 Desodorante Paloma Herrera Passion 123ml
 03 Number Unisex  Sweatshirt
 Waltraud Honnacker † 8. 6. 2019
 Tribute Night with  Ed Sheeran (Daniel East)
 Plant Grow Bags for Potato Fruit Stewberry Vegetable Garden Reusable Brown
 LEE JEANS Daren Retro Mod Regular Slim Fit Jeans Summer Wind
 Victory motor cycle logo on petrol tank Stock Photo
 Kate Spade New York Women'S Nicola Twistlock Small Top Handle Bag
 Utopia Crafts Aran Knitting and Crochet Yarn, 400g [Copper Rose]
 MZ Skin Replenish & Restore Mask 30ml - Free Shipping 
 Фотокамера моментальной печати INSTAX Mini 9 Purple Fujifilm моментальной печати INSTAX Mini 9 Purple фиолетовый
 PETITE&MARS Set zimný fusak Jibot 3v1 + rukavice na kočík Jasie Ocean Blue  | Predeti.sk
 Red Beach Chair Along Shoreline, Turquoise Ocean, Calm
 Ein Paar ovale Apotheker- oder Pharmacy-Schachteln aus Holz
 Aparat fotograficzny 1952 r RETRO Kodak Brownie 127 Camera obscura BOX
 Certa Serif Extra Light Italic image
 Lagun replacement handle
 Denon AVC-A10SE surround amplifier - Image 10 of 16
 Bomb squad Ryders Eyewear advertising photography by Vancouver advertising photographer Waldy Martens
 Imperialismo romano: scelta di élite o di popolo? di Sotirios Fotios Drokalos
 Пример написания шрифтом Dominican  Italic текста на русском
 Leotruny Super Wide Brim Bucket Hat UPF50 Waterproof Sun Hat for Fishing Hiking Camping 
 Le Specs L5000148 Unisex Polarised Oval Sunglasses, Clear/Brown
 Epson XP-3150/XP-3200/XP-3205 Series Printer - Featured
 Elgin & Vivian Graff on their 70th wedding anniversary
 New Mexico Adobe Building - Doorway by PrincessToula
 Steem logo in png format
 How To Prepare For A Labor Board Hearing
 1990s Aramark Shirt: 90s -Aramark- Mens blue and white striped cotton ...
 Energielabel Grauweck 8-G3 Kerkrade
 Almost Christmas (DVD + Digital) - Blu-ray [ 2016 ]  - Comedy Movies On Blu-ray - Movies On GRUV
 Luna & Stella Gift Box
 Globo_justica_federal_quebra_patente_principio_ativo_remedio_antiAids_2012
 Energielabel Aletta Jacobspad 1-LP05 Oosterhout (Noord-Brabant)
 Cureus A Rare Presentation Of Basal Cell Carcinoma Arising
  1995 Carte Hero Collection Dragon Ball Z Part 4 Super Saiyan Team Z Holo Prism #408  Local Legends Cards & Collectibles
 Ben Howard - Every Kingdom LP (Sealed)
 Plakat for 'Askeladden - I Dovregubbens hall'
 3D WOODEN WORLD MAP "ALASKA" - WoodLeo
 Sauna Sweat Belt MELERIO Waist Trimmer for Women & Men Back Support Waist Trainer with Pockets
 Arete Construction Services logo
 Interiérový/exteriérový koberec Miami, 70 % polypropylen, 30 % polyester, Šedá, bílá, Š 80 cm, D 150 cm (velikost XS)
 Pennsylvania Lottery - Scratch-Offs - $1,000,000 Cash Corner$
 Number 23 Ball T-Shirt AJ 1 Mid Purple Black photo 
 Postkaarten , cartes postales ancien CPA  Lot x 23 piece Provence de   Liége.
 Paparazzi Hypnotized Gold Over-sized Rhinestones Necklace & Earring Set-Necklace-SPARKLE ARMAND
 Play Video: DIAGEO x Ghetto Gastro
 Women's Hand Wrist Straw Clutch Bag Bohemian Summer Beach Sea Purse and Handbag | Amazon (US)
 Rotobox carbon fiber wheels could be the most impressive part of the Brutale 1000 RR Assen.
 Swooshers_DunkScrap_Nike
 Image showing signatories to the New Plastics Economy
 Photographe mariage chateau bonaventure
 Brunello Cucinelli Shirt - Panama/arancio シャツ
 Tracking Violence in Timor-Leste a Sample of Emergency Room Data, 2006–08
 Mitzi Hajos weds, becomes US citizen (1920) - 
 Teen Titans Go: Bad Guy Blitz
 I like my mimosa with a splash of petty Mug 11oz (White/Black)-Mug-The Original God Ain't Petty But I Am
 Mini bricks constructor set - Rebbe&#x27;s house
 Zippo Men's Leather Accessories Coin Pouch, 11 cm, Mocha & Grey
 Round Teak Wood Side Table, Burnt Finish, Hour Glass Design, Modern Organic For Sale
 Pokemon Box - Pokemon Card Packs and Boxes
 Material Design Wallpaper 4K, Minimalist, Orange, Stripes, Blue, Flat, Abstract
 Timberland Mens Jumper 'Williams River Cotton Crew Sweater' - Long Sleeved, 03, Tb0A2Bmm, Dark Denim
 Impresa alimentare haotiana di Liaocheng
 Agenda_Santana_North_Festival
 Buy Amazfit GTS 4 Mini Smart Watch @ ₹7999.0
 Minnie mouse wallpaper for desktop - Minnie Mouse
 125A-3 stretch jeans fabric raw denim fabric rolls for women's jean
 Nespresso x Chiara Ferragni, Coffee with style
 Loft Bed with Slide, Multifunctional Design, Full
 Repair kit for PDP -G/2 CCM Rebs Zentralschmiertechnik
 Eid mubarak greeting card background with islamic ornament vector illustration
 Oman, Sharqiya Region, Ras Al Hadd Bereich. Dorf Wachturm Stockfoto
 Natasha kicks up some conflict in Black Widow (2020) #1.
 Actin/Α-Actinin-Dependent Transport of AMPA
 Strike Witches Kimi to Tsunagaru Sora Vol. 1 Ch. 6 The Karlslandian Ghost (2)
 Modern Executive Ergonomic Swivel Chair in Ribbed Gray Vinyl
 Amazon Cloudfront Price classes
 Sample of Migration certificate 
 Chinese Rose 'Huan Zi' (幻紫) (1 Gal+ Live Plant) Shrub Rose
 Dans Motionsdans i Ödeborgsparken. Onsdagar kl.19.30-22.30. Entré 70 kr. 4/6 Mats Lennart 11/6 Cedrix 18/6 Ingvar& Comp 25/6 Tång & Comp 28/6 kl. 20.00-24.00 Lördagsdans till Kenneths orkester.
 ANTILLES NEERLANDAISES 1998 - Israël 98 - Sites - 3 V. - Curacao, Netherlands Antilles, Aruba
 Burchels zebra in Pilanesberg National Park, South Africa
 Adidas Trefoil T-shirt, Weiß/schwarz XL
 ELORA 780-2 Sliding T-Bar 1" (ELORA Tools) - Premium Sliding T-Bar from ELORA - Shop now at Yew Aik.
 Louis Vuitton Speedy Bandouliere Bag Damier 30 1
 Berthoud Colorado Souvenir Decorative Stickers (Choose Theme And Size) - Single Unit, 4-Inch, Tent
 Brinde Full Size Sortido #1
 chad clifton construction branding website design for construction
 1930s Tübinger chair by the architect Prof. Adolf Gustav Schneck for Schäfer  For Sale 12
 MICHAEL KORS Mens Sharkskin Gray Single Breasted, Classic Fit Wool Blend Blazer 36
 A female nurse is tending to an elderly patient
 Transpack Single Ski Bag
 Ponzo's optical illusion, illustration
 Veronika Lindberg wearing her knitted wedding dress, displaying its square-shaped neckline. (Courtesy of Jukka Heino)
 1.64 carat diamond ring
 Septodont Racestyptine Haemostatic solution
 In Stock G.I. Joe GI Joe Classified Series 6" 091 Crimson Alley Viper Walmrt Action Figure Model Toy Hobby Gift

======

Exercise objective: Counting the line that contains "Actin/Α-Actinin-Dependent Transport of AMPA" as the first, copy exactly every line through the end of the records, and nothing else.

Result of the task:
 Actin/Α-Actinin-Dependent Transport of AMPA
 Strike Witches Kimi to Tsunagaru Sora Vol. 1 Ch. 6 The Karlslandian Ghost (2)
 Modern Executive Ergonomic Swivel Chair in Ribbed Gray Vinyl
 Amazon Cloudfront Price classes
 Sample of Migration certificate 
 Chinese Rose 'Huan Zi' (幻紫) (1 Gal+ Live Plant) Shrub Rose
 Dans Motionsdans i Ödeborgsparken. Onsdagar kl.19.30-22.30. Entré 70 kr. 4/6 Mats Lennart 11/6 Cedrix 18/6 Ingvar& Comp 25/6 Tång & Comp 28/6 kl. 20.00-24.00 Lördagsdans till Kenneths orkester.
 ANTILLES NEERLANDAISES 1998 - Israël 98 - Sites - 3 V. - Curacao, Netherlands Antilles, Aruba
 Burchels zebra in Pilanesberg National Park, South Africa
 Adidas Trefoil T-shirt, Weiß/schwarz XL
 ELORA 780-2 Sliding T-Bar 1" (ELORA Tools) - Premium Sliding T-Bar from ELORA - Shop now at Yew Aik.
 Louis Vuitton Speedy Bandouliere Bag Damier 30 1
 Berthoud Colorado Souvenir Decorative Stickers (Choose Theme And Size) - Single Unit, 4-Inch, Tent
 Brinde Full Size Sortido #1
 chad clifton construction branding website design for construction
 1930s Tübinger chair by the architect Prof. Adolf Gustav Schneck for Schäfer  For Sale 12
 MICHAEL KORS Mens Sharkskin Gray Single Breasted, Classic Fit Wool Blend Blazer 36
 A female nurse is tending to an elderly patient
 Transpack Single Ski Bag
 Ponzo's optical illusion, illustration
 Veronika Lindberg wearing her knitted wedding dress, displaying its square-shaped neckline. (Courtesy of Jukka Heino)
 1.64 carat diamond ring
 Septodont Racestyptine Haemostatic solution
 In Stock G.I. Joe GI Joe Classified Series 6" 091 Crimson Alley Viper Walmrt Action Figure Model Toy Hobby Gift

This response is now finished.